Preventing Duplication of Incoming Data
The best way to handle duplicate data in Power BI is to ensure that it isn’t duplicated in the first place. Everyone’s situation will vary, but here are some considerations to keep in mind.
- Import Data Closes to the Source System – A common cause of duplicate data is using a dataset that has already been modified. An example is an Excel file that comes from a user who makes manual adjustments and calculations. Doing so increases the risk of importing bad information that was caused by user error. By importing data that is directly exported from a system you can mitigate these risks.
- Use Unique Keys – Applying unique keys to data helps in identifying and preventing duplicate entries. If a dataset requires a unique identifier, enforcing this constraint ensures that duplicates cannot be inserted in the source system. Many SQL table structures will have primary keys.

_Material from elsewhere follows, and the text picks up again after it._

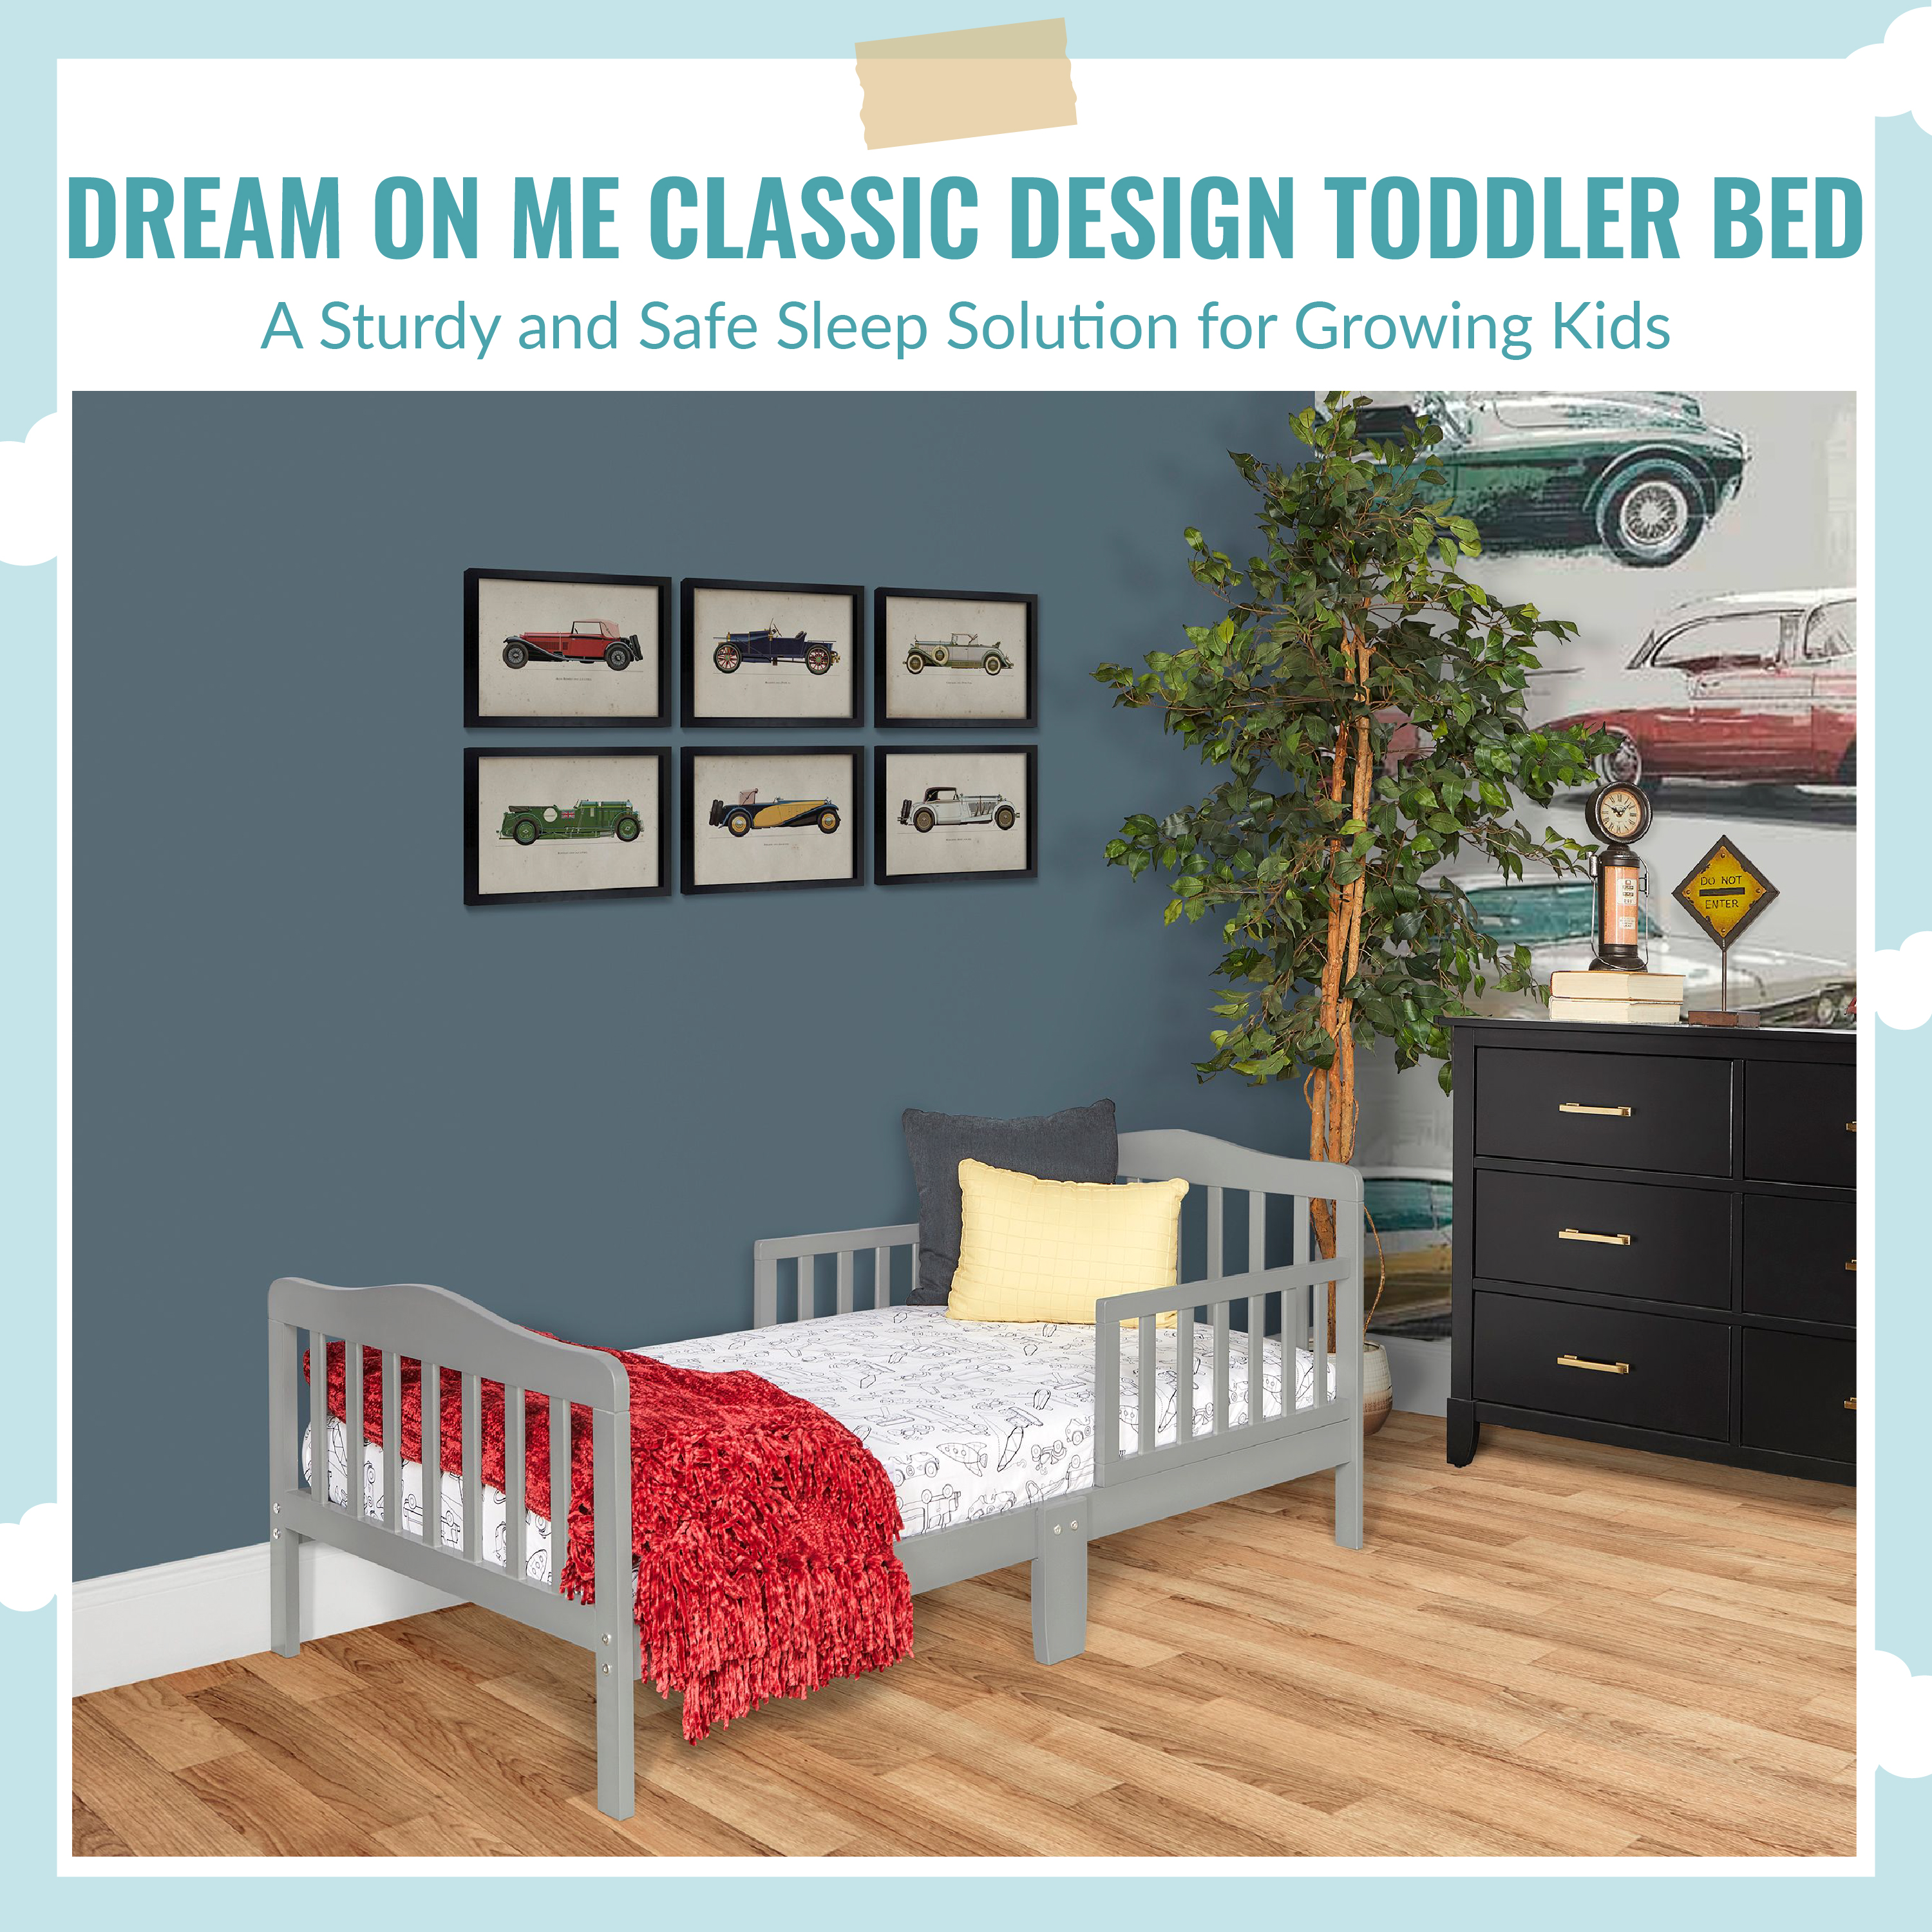 Dream On Me Contemporary Design Toddler Bed - image 2 of 20

- Automate Duplicate Checks – Even if your dataset is clean at the time that a report is published, it does not mean that the incoming data won’t change over time. Setup a Report Checks tab or table to automatically e-mail you once a month or week with the data to ensure that new errors have not occurred.

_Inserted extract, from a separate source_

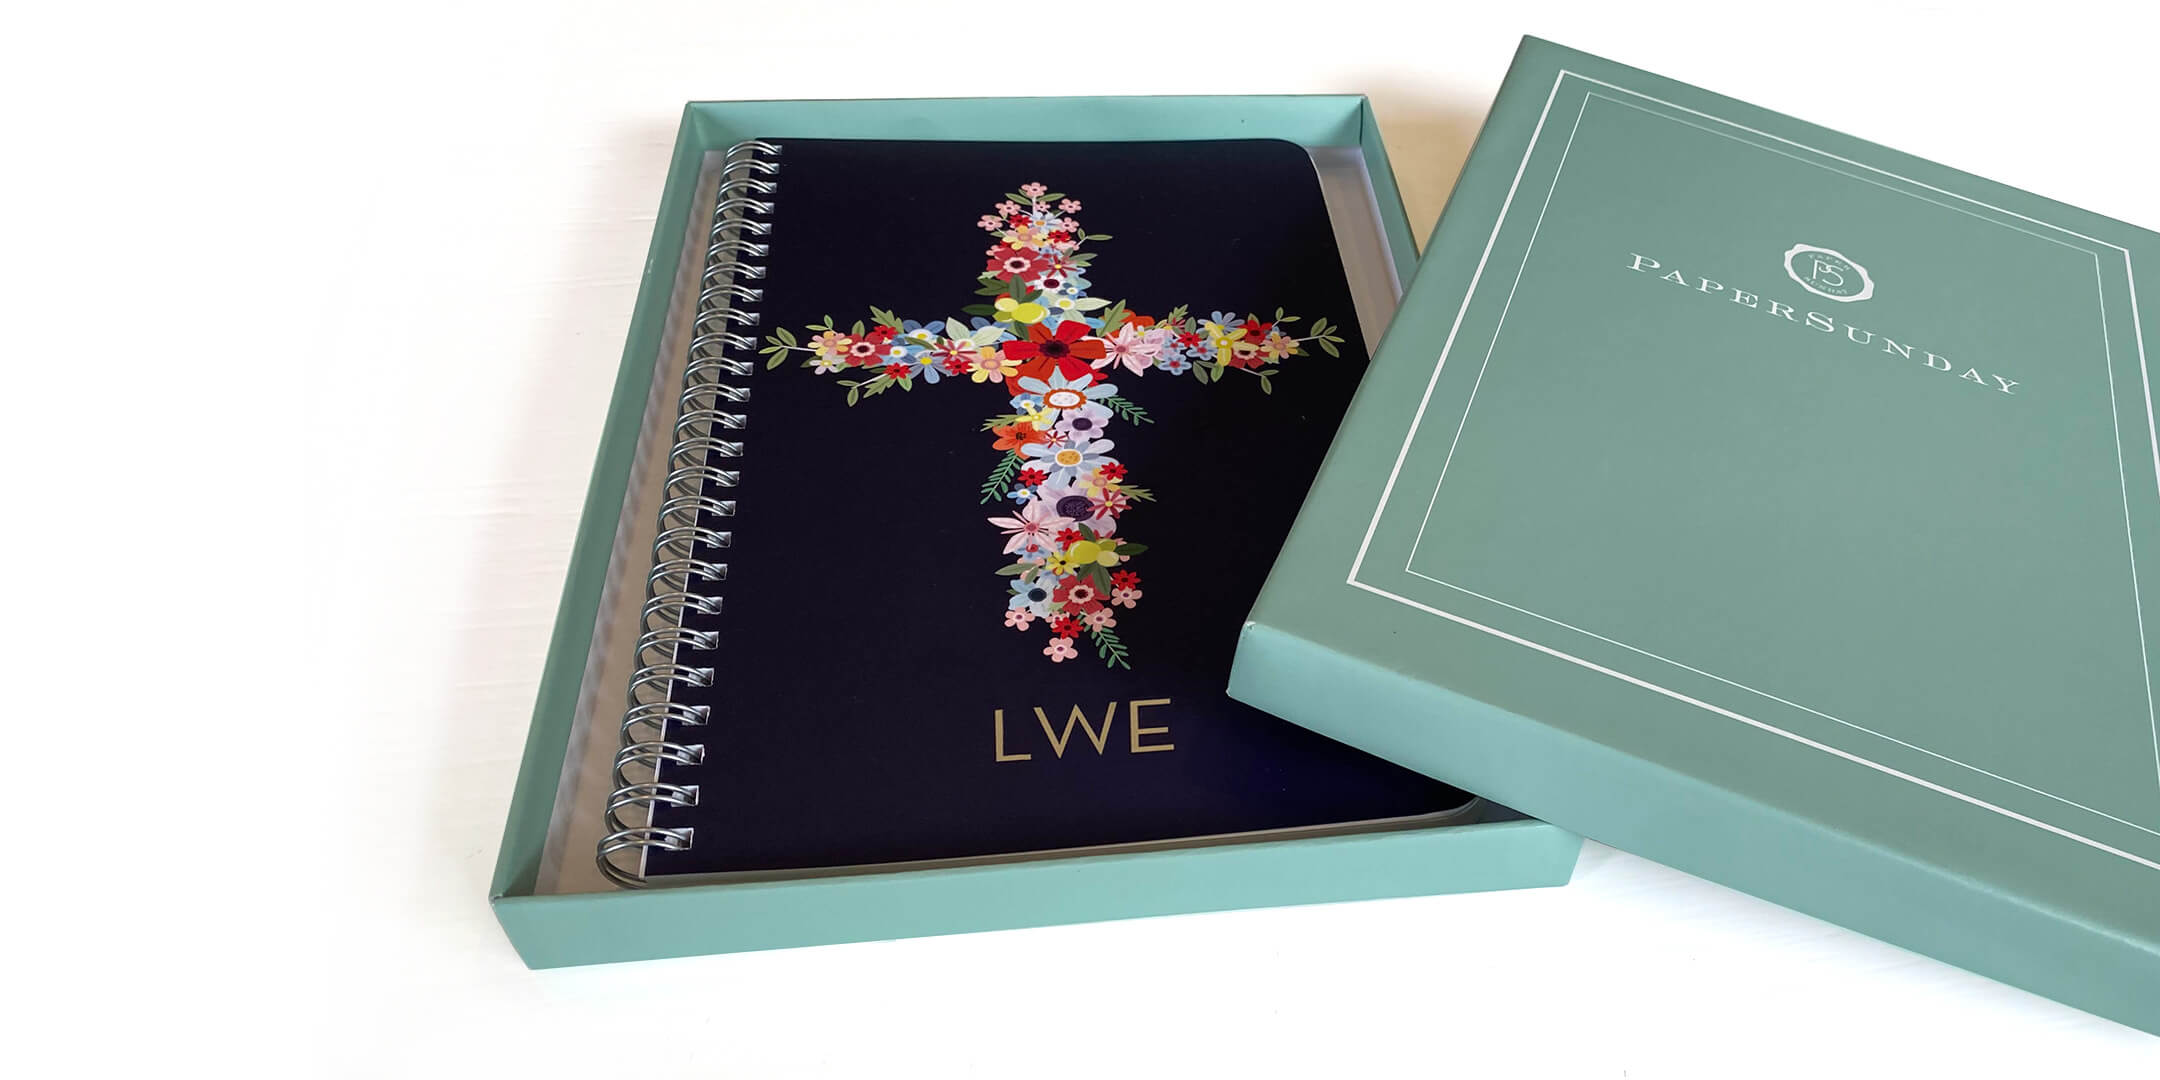 Each journal is thoughtfully designed and made with the highest quality materials. With your name inserted into scriptures on every page.

By following these best practices you will be able to avoid duplicate data from entering into your Power BI data model or at the very least identify when incoming data changes so that it can be addressed quickly.
You can quickly identify duplicates in Power BI by using some of the sampling functions available within Power Query. Power BI will look at the metadata of each column and provide a graph of how often values occur within the dataset.
Removing duplicates in Power BI can be as simple as right clicking on a column name and choosing Remove Duplicates. Developers can also create separate reference tables in Power Query to see which records have been duplicated.
Outside of Power Query, users can also build out a Check tab and create a matrix visual that counts the number of times that a value appears. Sort of filter the count of row values, and either hide the tab or schedule it to automatically e-mail you to ensure that new errors do not occur over time.